* What this task involves
Your copy of the data should leave out the images and match everything else exactly.

* Supplied material
*** Begin section ***

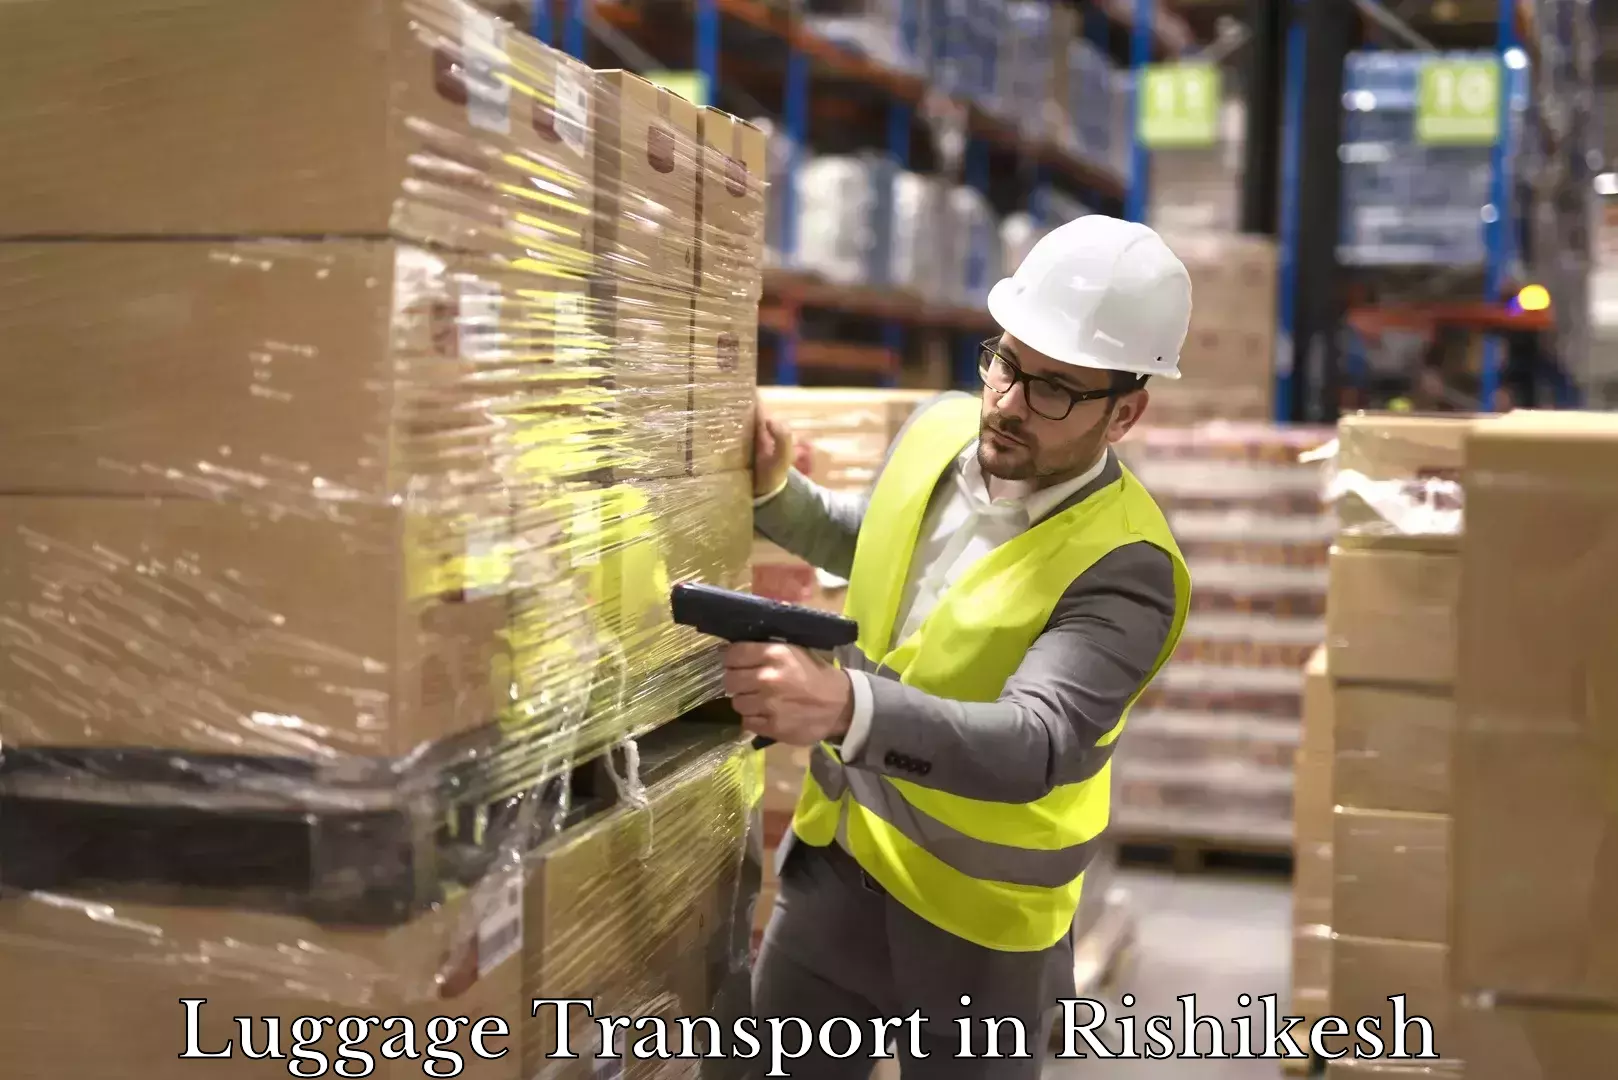 High-quality baggage shipment in Rishikesh
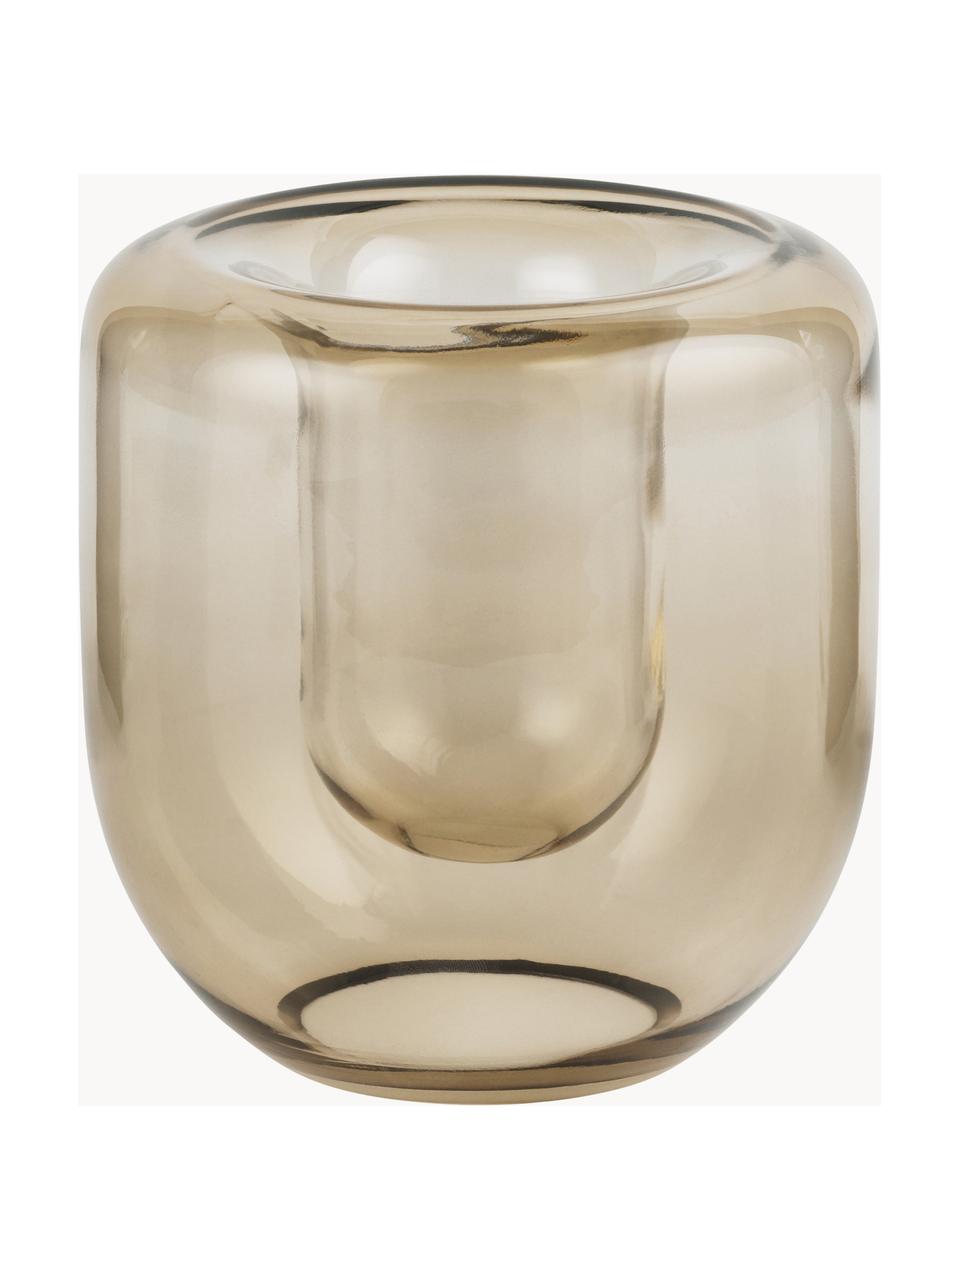 Vaso in vetro soffiato Opal, alt. 16 cm, Vetro soffiato, Beige trasparente, Ø 14 x Alt. 16 cm
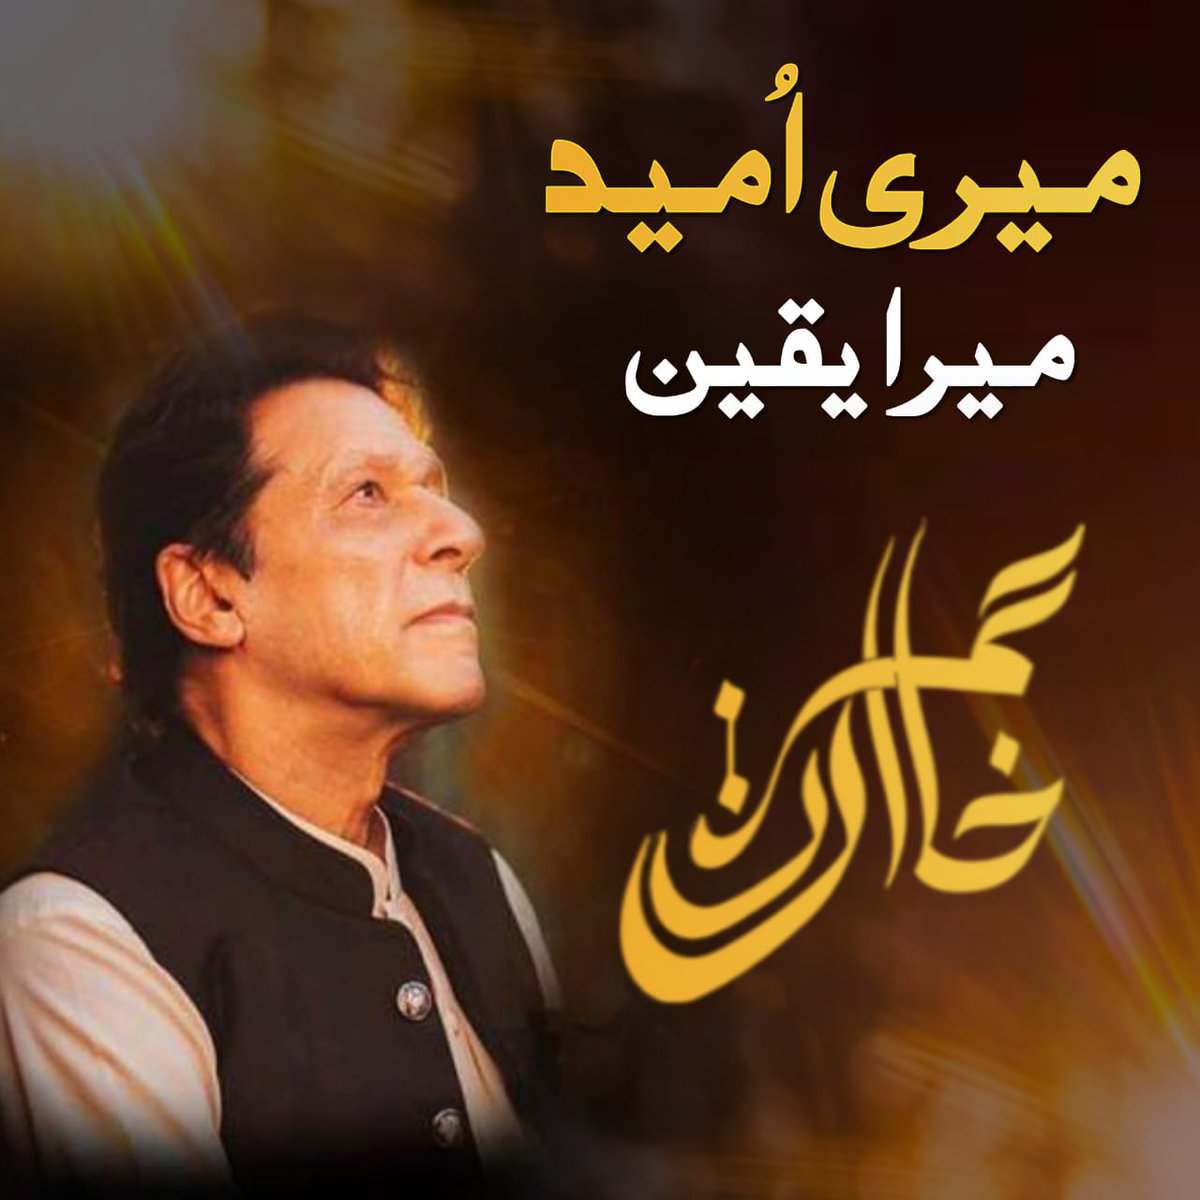 قوم کی امید قوم کا یقین عمران خان 
#نظام_بدلو_پاکستان_بدلو

*** End section ***

* Result of this exercise
 High-quality baggage shipment in Rishikesh
 Vaso in vetro soffiato Opal, alt. 16 cm, Vetro soffiato, Beige trasparente, Ø 14 x Alt. 16 cm
 قوم کی امید قوم کا یقین عمران خان 
#نظام_بدلو_پاکستان_بدلو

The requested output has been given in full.